*Data extract*:
===============

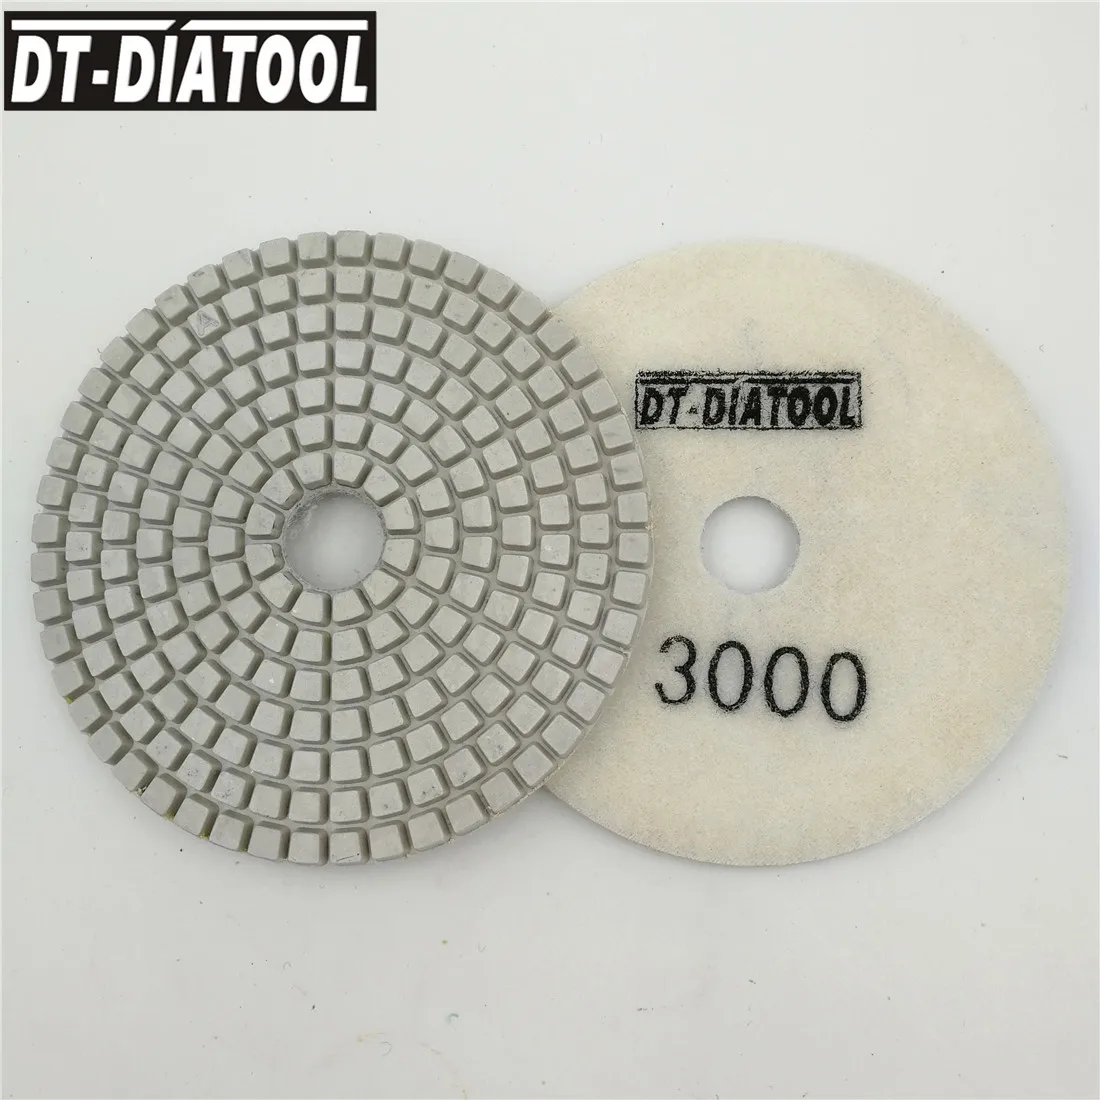 

DT-DIATOOL 10pcs Diameter 4"/100mm Diamond Wet Polishing Pads #3000 White Resin Bond Natural Stone Granite Marble Sanding Discs
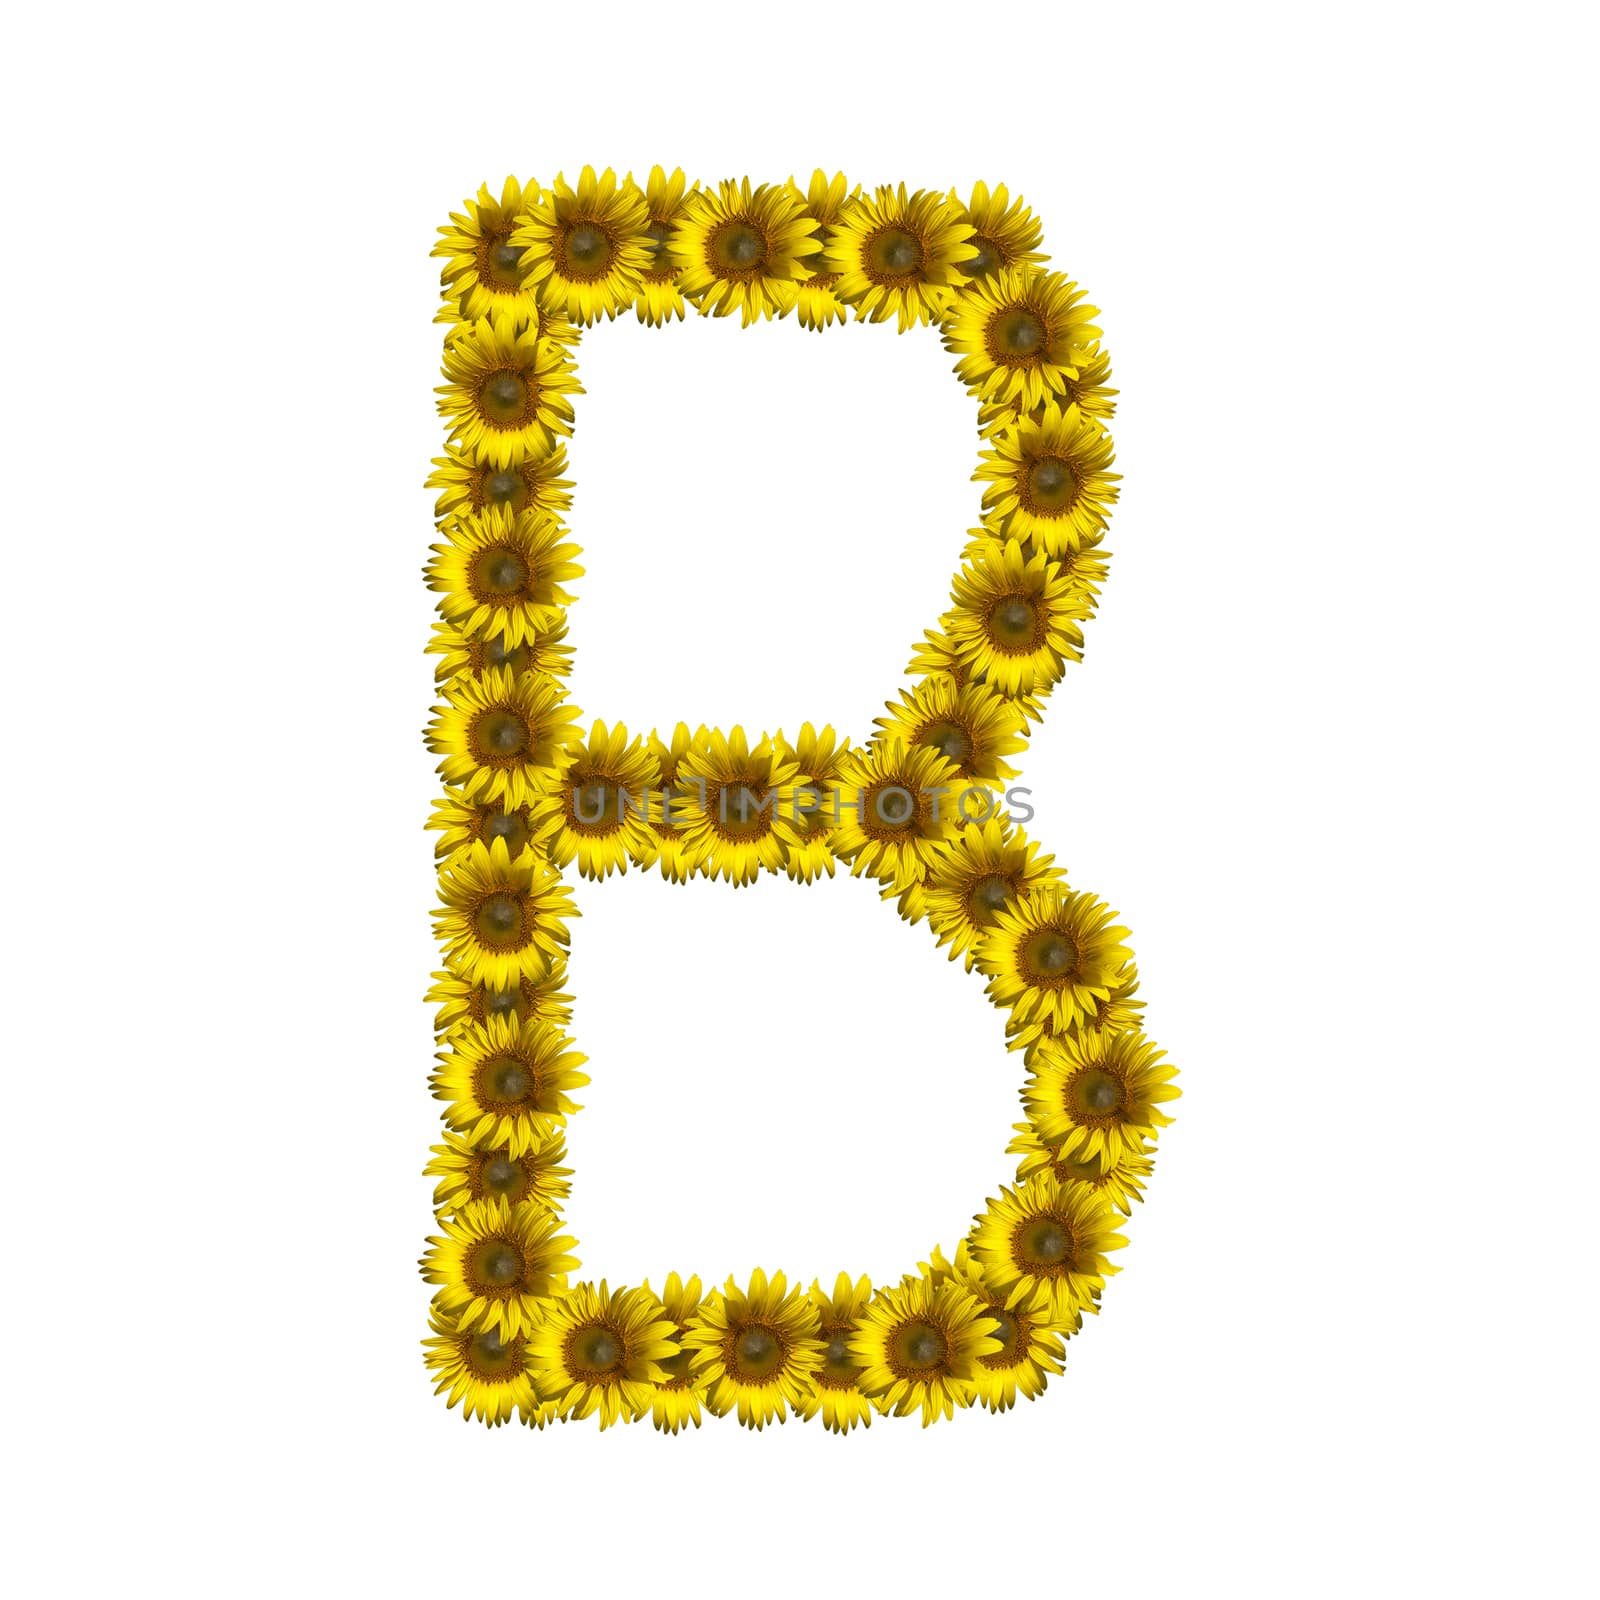 Isolated sunflower alphabet B by Exsodus
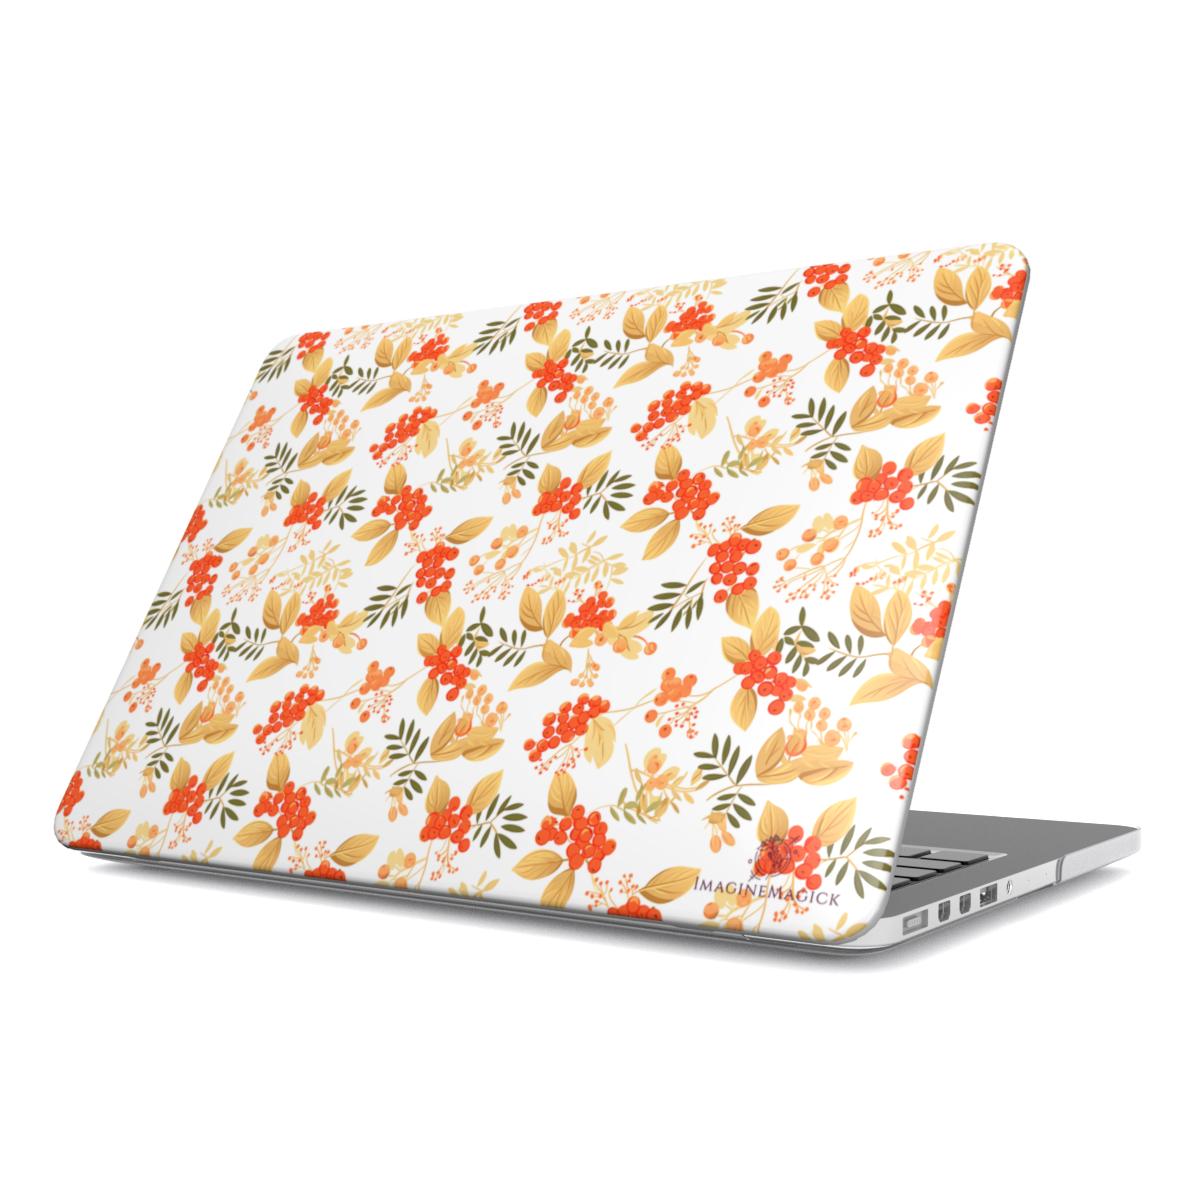 MacBook Enchantment - The cleansing rowan
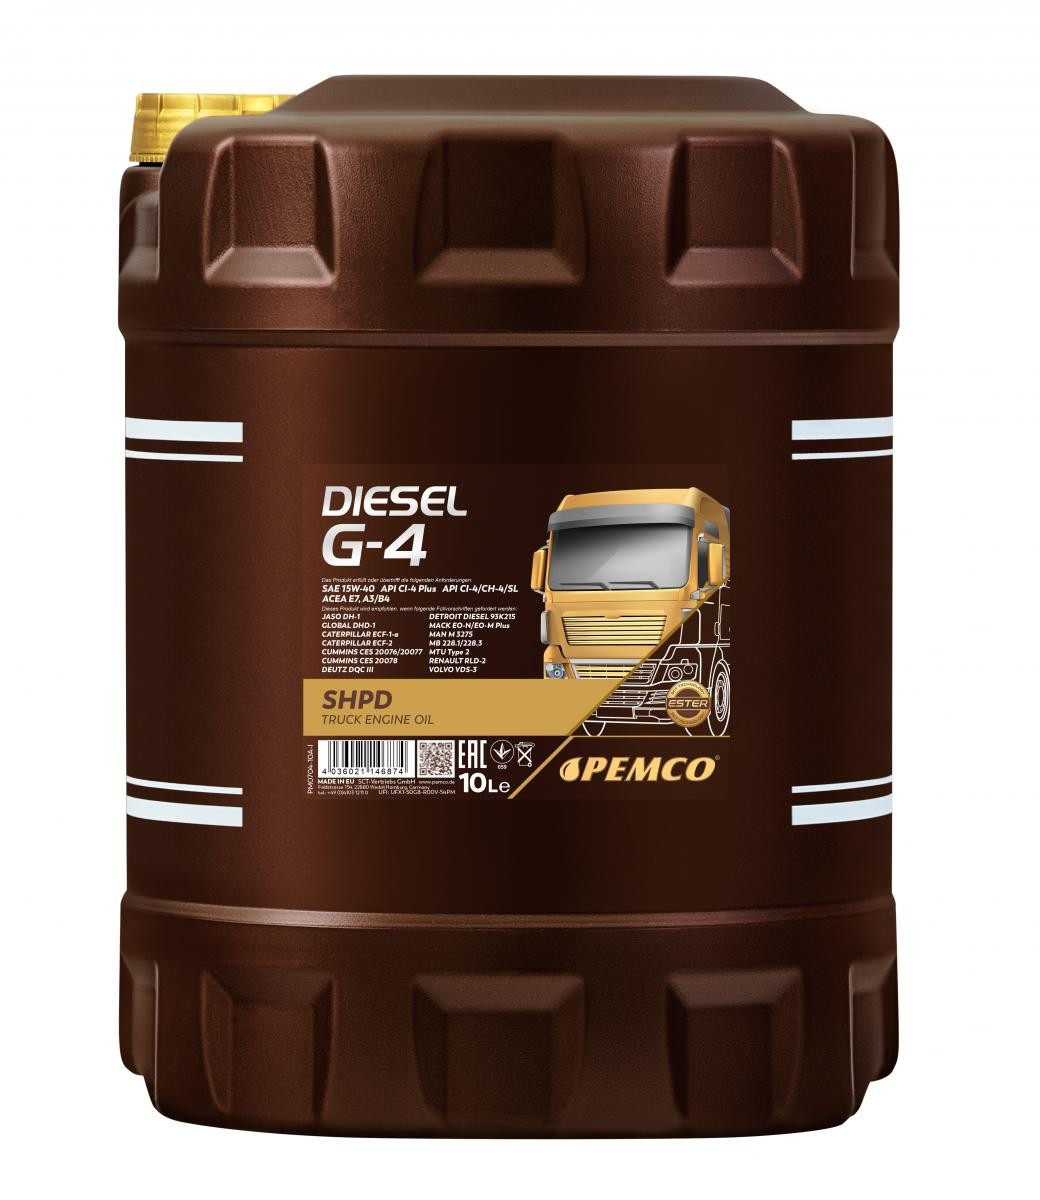 Kaufen Sie Motoröl PEMCO PM0704-10 Truck SHPD, DIESEL G-4 SHPD 15W-40, 10l, Mineralöl

===============

Each line from the one that contains "Isolated sunflower alphabet B by Exsodus" to the end of the listing must be quoted exactly; no other line and no picture belongs in the copy.

*Exercise solution*:
 Isolated sunflower alphabet B by Exsodus
 MacBook Enchantment - The cleansing rowan
 Kaufen Sie Motoröl PEMCO PM0704-10 Truck SHPD, DIESEL G-4 SHPD 15W-40, 10l, Mineralöl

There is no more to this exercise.